Grâce à ces progrès, la mortalité a diminué de moitié en une vingtaine d’années : 1 patient sur 4 meurt d’un AVC en France, et non plus 1 sur 2.

 

Une offre de soins spécialisés “inégalement répartie sur le territoire”

Dans les faits, tout le monde ne profite pas de ces avancées, signalent spécialistes, HAS et Cour des comptes, à l’occasion de la Journée de lutte contre les AVC.

“Les résultats obtenus, en premier lieu en termes de taux d’hospitalisation des patients en UNV, mais aussi, dans une moindre mesure, de délais de prise en charge et d’accès aux traitements de revascularisation, ou de qualité des soins, demeurent en effet nettement en deçà des attentes, ou des objectifs visés, malgré les importants progrès accomplis”, relève la Cour.

“Le taux des séjours de patients pour AVC incluant un passage en UNV (soins intensifs et/ou soins non intensifs) ne dépasse ainsi pas 50 %, tous types d’AVC confondus, selon les données de séjours hospitaliers pour 2023, loin de l’objectif visé d’une prise en charge systématique en UNV de 90 % des victimes d’AVC”, indiquent les Sages, constatant une offre de soins spécialisés qui reste “inégalement répartie sur le territoire”.
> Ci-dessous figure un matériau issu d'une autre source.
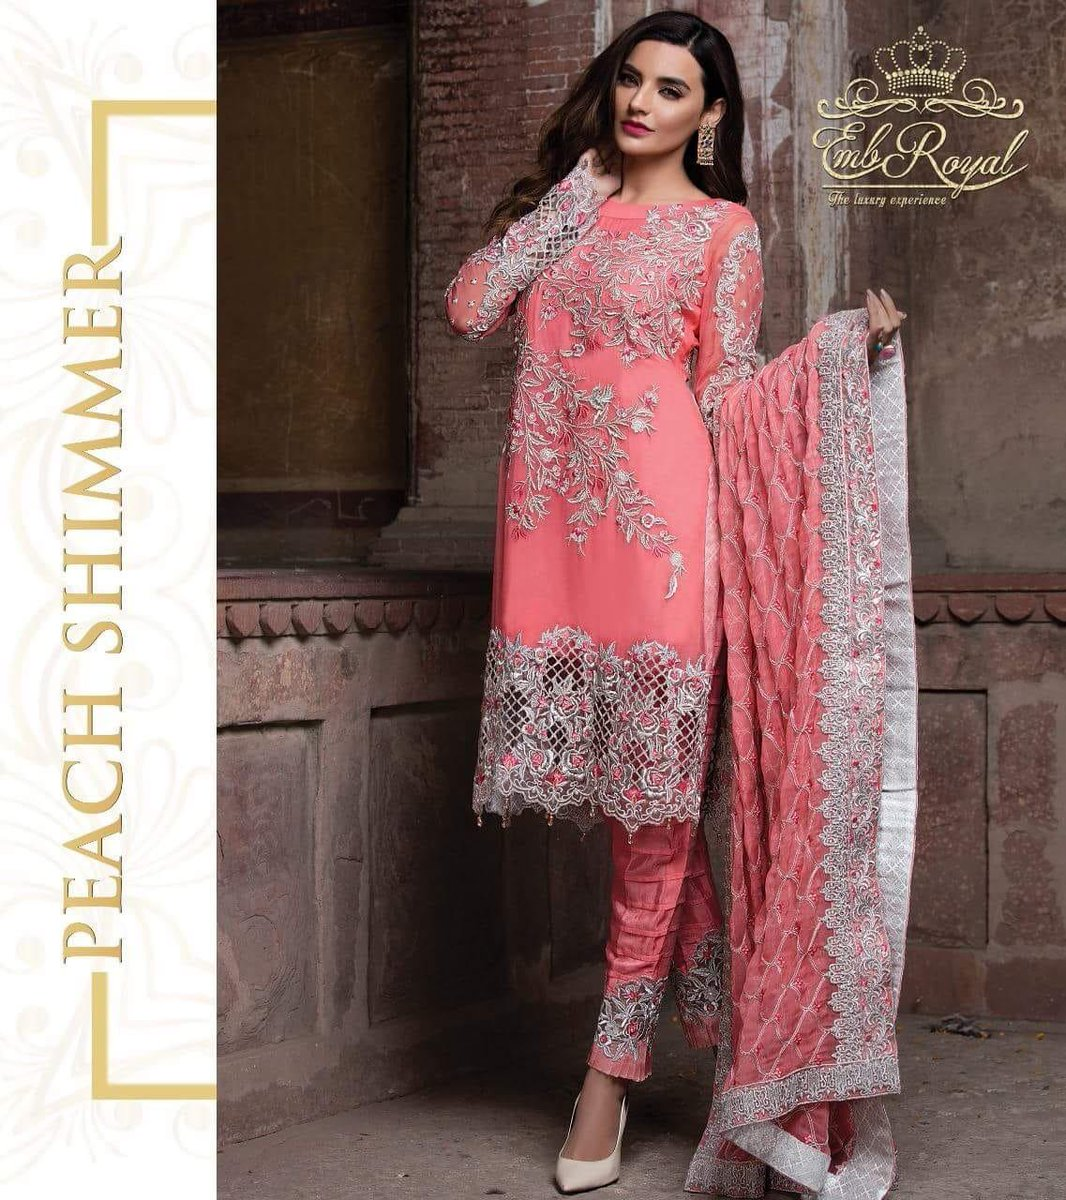 1e92d9dc3e ... Free Delivery In #Karachi More Info:  https://www.facebook.com/serenedesigns.pk/posts/2187227914647926 …  (#designerwear,#ladiesreplica,#fashion,#embroyal ...
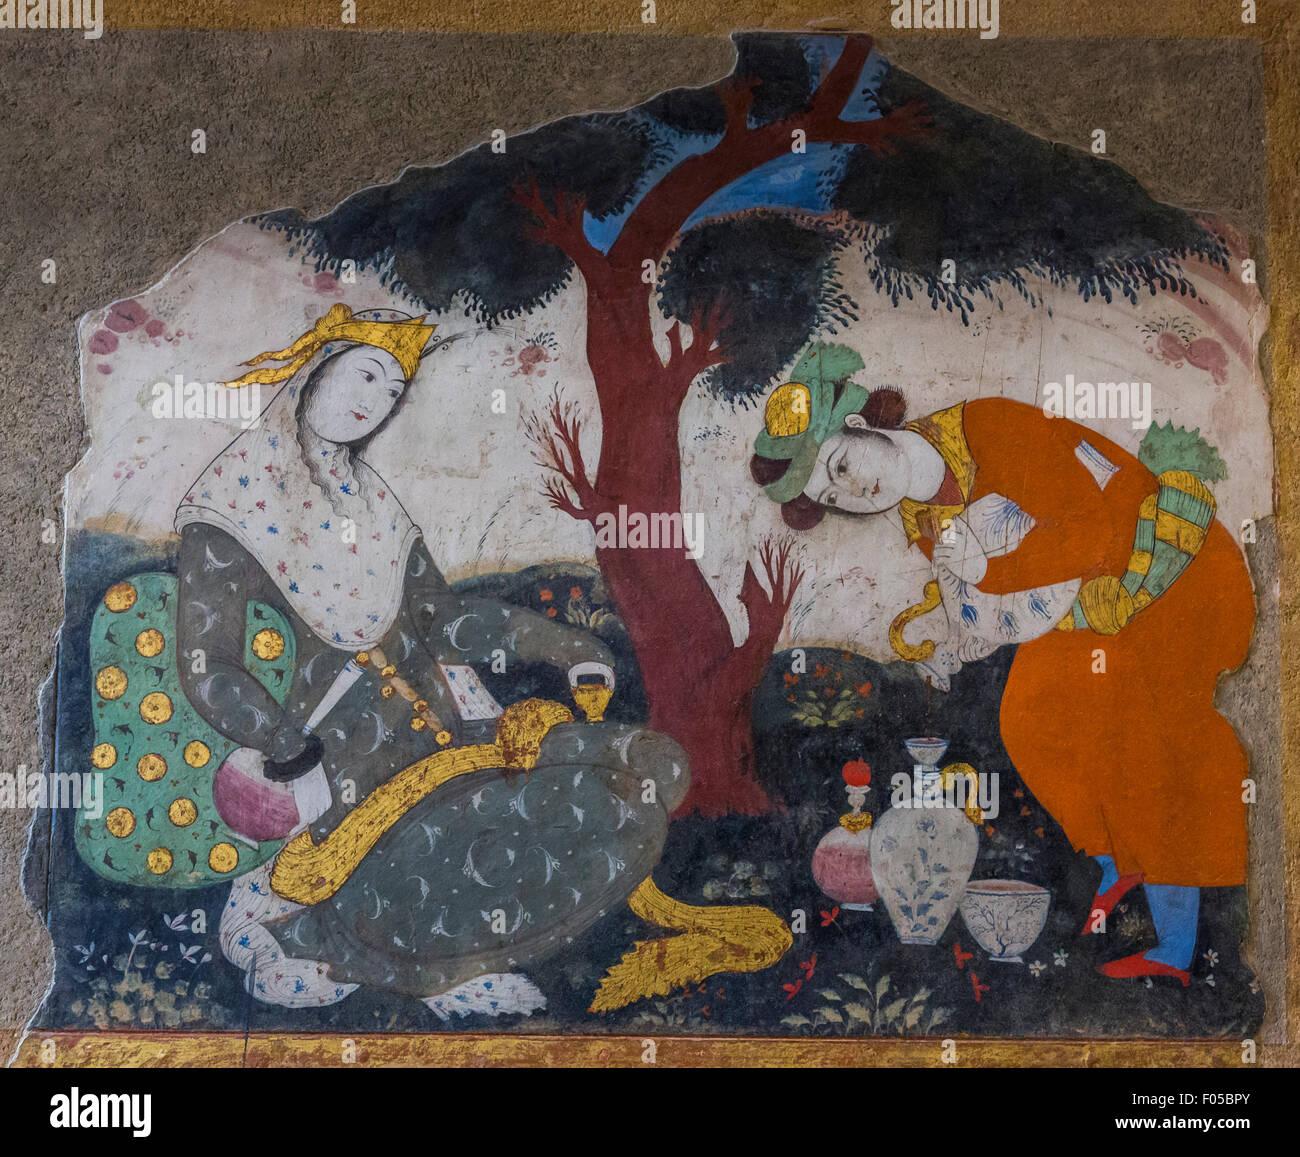 painting in main hall, Chehel Sutun Palace, Isfahan, Iran Stock Photo

“Malgré l’atteinte de l’objectif quantitatif de 140 UNV fixé dans le plan AVC, elle ne répond plus à l’ensemble des besoins aujourd’hui identifiés par les ARS.”

 

Ces unités font par ailleurs face à “des difficultés importantes” de recrutement médical et paramédical, se traduisant par “des tensions sur leurs capacités d’accueil des patients” : fermetures de lits, “récusation de patients”, “incapacité à assurer la permanence des soins 24h/24…

En outre, la couverture du territoire en centres de neuroradiologie interventionnelle, majoritairement adossés aux UNV de recours, “est encore plus inégale”, et ce “malgré l’ouverture récente de nouveaux centres consacrés à la seule activité de thrombectomie”.

 

20 000 victimes d’AVC sans médecin traitant

Ce n’est pas mieux en phase post-aiguë de l’AVC.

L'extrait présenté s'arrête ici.